__Problem to solve__
Only these lines of the data below are wanted: the one with "M Bmw, Lights", the one with "Barratt to deliver", and any lines between them, each repeated exactly.

(Records contained in a dataset)
>>>
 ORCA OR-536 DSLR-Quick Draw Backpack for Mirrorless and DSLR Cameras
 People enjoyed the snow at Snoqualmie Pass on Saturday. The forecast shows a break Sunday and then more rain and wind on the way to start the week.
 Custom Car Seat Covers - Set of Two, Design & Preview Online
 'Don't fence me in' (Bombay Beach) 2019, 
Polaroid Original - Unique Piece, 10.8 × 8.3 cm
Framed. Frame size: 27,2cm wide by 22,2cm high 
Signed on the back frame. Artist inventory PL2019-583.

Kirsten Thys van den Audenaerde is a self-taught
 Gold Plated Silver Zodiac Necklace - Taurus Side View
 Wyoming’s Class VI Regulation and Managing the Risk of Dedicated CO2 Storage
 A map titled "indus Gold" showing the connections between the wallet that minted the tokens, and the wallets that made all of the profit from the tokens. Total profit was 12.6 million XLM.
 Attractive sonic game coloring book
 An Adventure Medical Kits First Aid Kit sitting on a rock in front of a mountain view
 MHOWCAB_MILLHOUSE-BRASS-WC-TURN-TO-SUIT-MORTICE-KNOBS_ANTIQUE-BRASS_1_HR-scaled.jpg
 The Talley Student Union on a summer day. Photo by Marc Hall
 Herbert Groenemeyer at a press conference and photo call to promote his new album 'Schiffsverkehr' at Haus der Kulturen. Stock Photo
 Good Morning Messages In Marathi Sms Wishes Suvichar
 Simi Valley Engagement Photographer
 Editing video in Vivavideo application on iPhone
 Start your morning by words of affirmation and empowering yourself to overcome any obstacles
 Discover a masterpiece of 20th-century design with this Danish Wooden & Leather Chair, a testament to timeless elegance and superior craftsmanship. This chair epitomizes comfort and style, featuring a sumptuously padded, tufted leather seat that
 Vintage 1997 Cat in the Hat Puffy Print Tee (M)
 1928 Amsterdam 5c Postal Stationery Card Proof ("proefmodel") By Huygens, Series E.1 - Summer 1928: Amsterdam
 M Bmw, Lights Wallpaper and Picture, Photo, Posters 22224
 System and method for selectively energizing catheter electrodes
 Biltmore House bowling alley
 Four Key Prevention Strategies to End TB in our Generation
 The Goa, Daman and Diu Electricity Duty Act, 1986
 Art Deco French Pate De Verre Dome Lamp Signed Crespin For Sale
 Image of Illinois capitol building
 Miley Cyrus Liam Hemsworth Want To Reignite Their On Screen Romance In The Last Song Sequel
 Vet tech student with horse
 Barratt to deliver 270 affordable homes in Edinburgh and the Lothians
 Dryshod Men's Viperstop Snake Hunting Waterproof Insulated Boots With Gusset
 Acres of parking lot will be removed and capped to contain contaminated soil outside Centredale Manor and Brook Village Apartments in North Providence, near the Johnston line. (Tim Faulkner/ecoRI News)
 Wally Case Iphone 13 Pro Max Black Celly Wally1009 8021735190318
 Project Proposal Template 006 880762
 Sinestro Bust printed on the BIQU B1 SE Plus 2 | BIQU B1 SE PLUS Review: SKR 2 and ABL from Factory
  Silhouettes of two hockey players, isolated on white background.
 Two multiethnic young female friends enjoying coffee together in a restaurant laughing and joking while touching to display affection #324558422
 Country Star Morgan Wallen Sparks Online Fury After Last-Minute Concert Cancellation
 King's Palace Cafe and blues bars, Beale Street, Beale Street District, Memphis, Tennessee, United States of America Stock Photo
<<<
__Solution for this problem__
 M Bmw, Lights Wallpaper and Picture, Photo, Posters 22224
 System and method for selectively energizing catheter electrodes
 Biltmore House bowling alley
 Four Key Prevention Strategies to End TB in our Generation
 The Goa, Daman and Diu Electricity Duty Act, 1986
 Art Deco French Pate De Verre Dome Lamp Signed Crespin For Sale
 Image of Illinois capitol building
 Miley Cyrus Liam Hemsworth Want To Reignite Their On Screen Romance In The Last Song Sequel
 Vet tech student with horse
 Barratt to deliver 270 affordable homes in Edinburgh and the Lothians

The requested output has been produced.